И к чувству гордости, которое он испытывал, примешивалось другое — сострадание. Сострадание к Ней, к этому маленькому, хрупкому существу, которому пришлось так много пережить в этом трудном девятьсот пятом году.
Организация новой газеты увлекла Южина. Один из ее ответственных редакторов, он много времени отдал техническим вопросам: существовавший тогда «явочный порядок» требовал регистрации газеты у градоначальника с изложением ее программы, с представлением сведений обо всех ее участниках. Разумеется, ничего подобного Южин не намерен был делать, и пресловутый «явочный порядок» следовало обойти…
Прежде всего нужно было подыскать официального редактора, именем которого подписывалась бы газета. Южин предложил Александра Павловича Голубкова, человека степенного, с благообразной профессорской внешностью. При всей своей солидности был Александр Павлович достаточно ловким и находчивым человеком да к тому же верным товарищем: вступив в партию в 1902 году, он входил в Техническое бюро ЦК РСДРП и был его активным работником… Московский комитет согласился с мнением Южина, и Голубков был утвержден официальным редактором новой газеты.
Он-то и прибежал однажды в МК с совершенно необычным предложением:
— Давайте называть нашу газету «Книжный рынок «Вперед».
— Чего, чего? — переспросил Южин, желая убедиться, что он не ослышался.
Присутствовавший при этом Марат разделил недоумение Южина: зачем большевикам этот книжный рынок? Да и какой смысл в сочетании слов «книжный рынок» и «вперед»?
Голубков не торопился объяснять. Он с таинственным видом поглаживал свою бородку клинышком, покашливал, и Южин уже чувствовал, что дядя Саша приготовил какой-то сюрприз.
— А мне нравится, — вдруг удивил всех Михаил. — Одной своей нелепостью это заглавие привлечет внимание к газете. Представляете себе? «Охотный ряд — назад», «Тишинский базар — вправо», «Большой театр — влево», «Книжный рынок — вперед»… Представляете, что будет твориться в Москве? Сенсация…
Марат подошел к Южину, приложил руку к его лбу, сказал выразительно: «Жар!» — и устало опустился на; диван.
— Ох и надоели вы мне, остряки! Ну-ка, официальный редактор, выкладывай свою идею.
Голубков, не говоря ни слова, развалился в кресле, запустил руку в боковой карман, вытащил оттуда сложенный вчетверо лист бумаги и положил его на стол.

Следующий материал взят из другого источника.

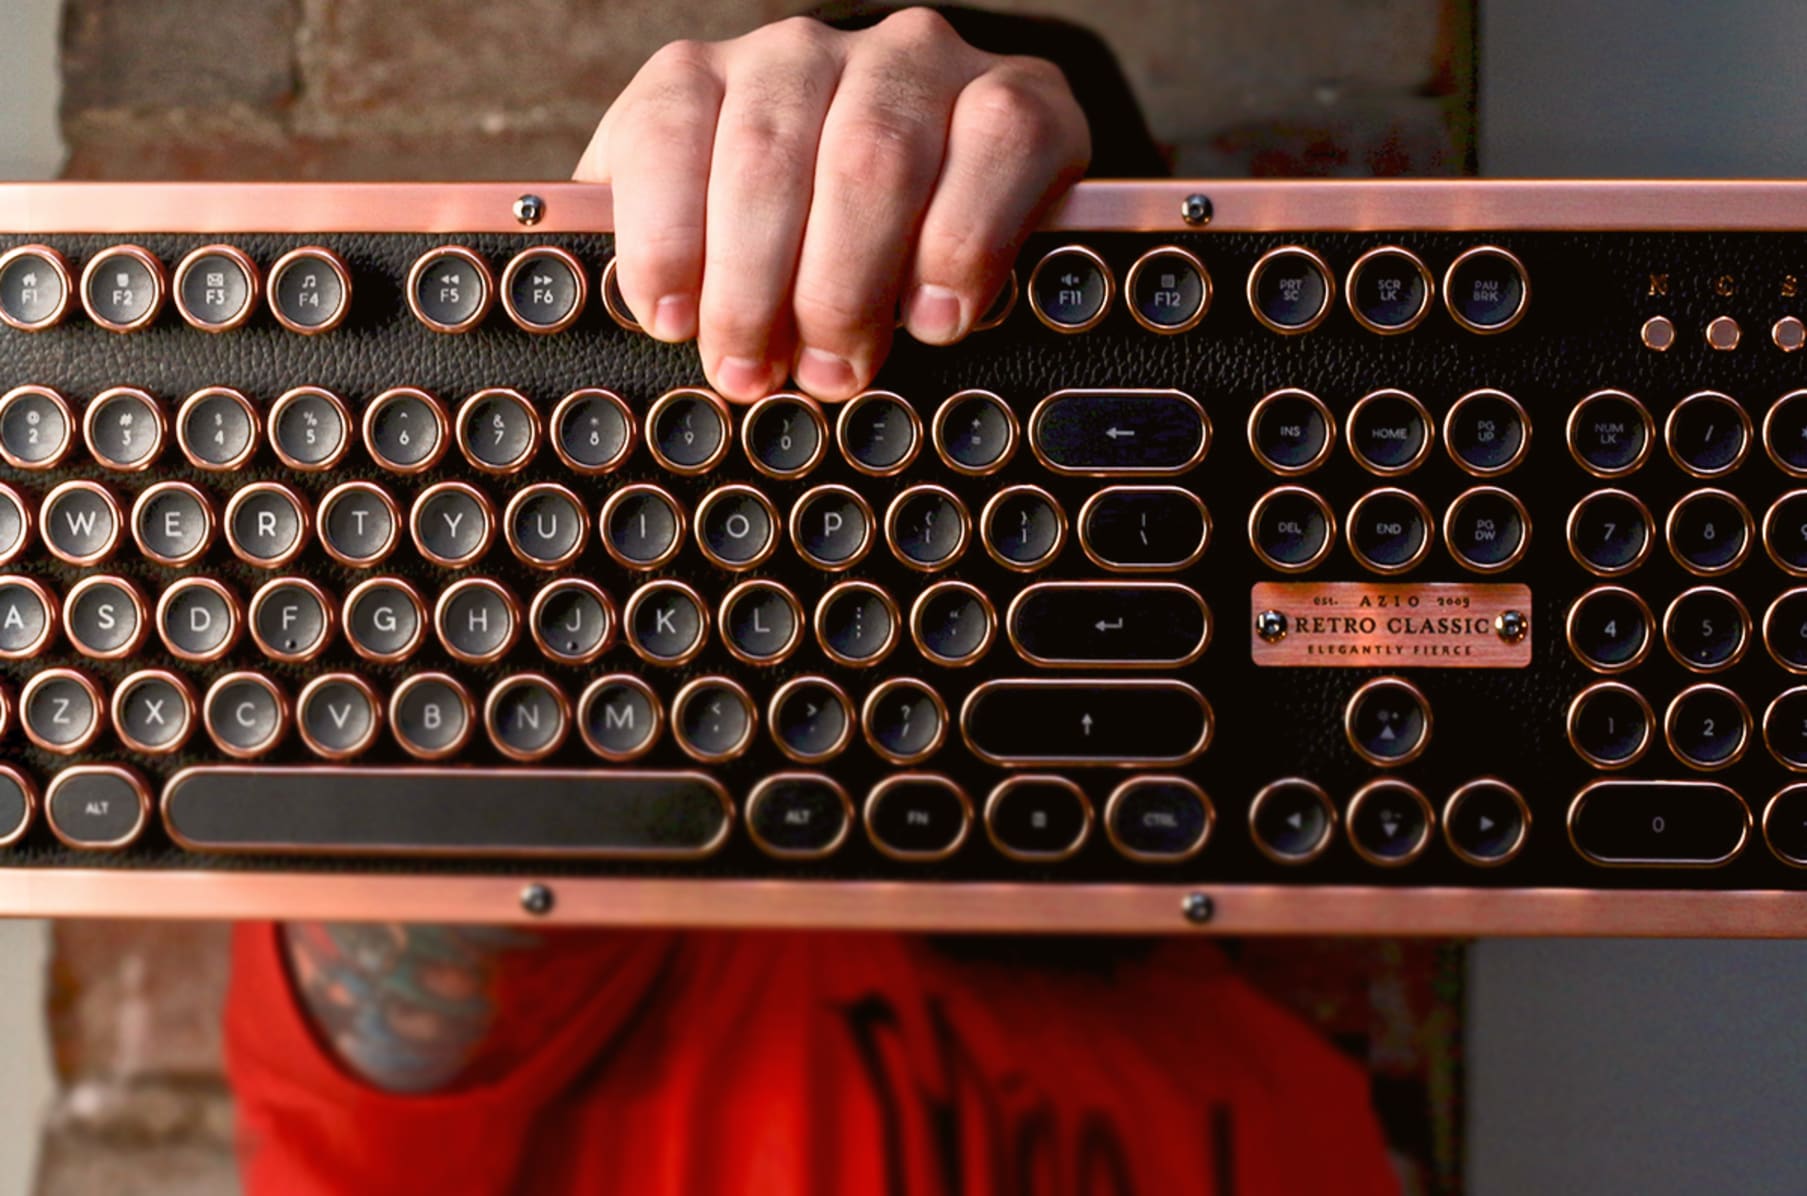 Azio Industry First Luxury Vintage Keyboard | Indiegogo

Марат прочитал вслух. Это было разрешение на выпуск еженедельного критико-библиографического сборника без всякого политического содержания, публикующего различного рода аннотации, рецензии и списки выходящих книг… Название этого еженедельника уже определено: «Книжный рынок».
— Что это такое? — спросил Марат.
— Считайте, что это разрешение на выпуск нашей газеты.
— А рецензии?
Но тут уже в разговор вмешался Южин.
— Ну, за рецензиями дело не станет. Весь самодержавный строй прорецензируем.
— Где же ты это достал?
— А, — махнул рукой Голубков. — Пришел в меньшевистский журнал, а там лежит у редактора на столе эта бумаженция. Он, бедняга, не знает, что с ней делать… Словом, мы сейчас поедем с ним к нотариусу и перепишем это разрешение на мое имя…

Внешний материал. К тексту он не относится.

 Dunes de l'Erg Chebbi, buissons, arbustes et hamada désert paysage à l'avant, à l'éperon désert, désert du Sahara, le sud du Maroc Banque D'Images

Так возникло столь необычное и довольно интригующее название газеты — «Книжный рынок «Вперед». Дело было сделано…
Теперь необходимо было разыскать издателя. Никто не решался браться за издание газеты со столь нелепым и потому подозрительным названием.
— Ты подыщи кого-нибудь пожаднее, такого, кто в суть не смотрит…

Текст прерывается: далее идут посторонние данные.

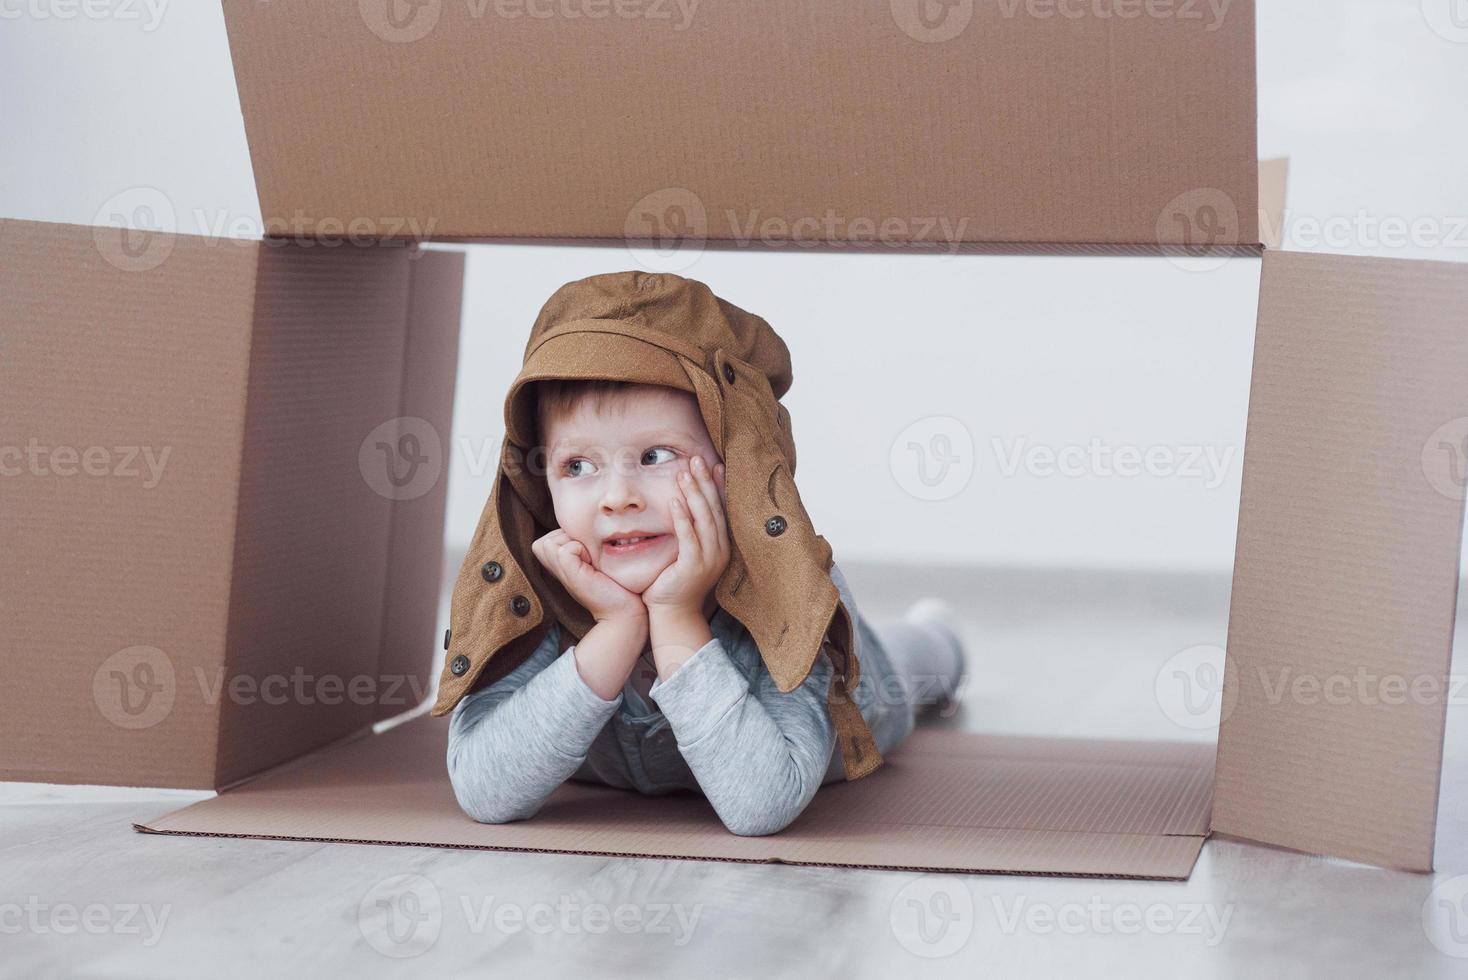 niño niño en edad preescolar jugando dentro de la caja de papel. infancia, reparaciones y nuevo concepto de casa. foto

Голубков отыскал на Тверском бульваре типографию не очень чистоплотной газетки «Вечерняя почта» Холчева. Человек этот действительно был жаден беспредельно, и, узнав о цене, которую он заломил, даже Николай Шмит, хорошо знавший эту братию, развел руками и зло бросил:
— Ну и жила! Знает, на чем наживаться. Ладно, деньги найдем. Дядька Савва Тимофеевич не откажет, да и мне сам бог велел.
Комнату для редакции сняли большую, просторную — в доме 22 по Никитской улице. Секретарем редакции стал Александр Павлович…
Однажды Южин, работая над статьей для одного из первых номеров газеты, увидел вошедшего в редакцию вихрастого юношу. Он положил на стол Голубкова какие-то листки и что-то быстро проговорил; затем, обернувшись ко всем, передал привет от рабочих Иваново-Вознесенска и Ярославля, тряхнул своей могучей шевелюрой, суетливо попрощался и вышел.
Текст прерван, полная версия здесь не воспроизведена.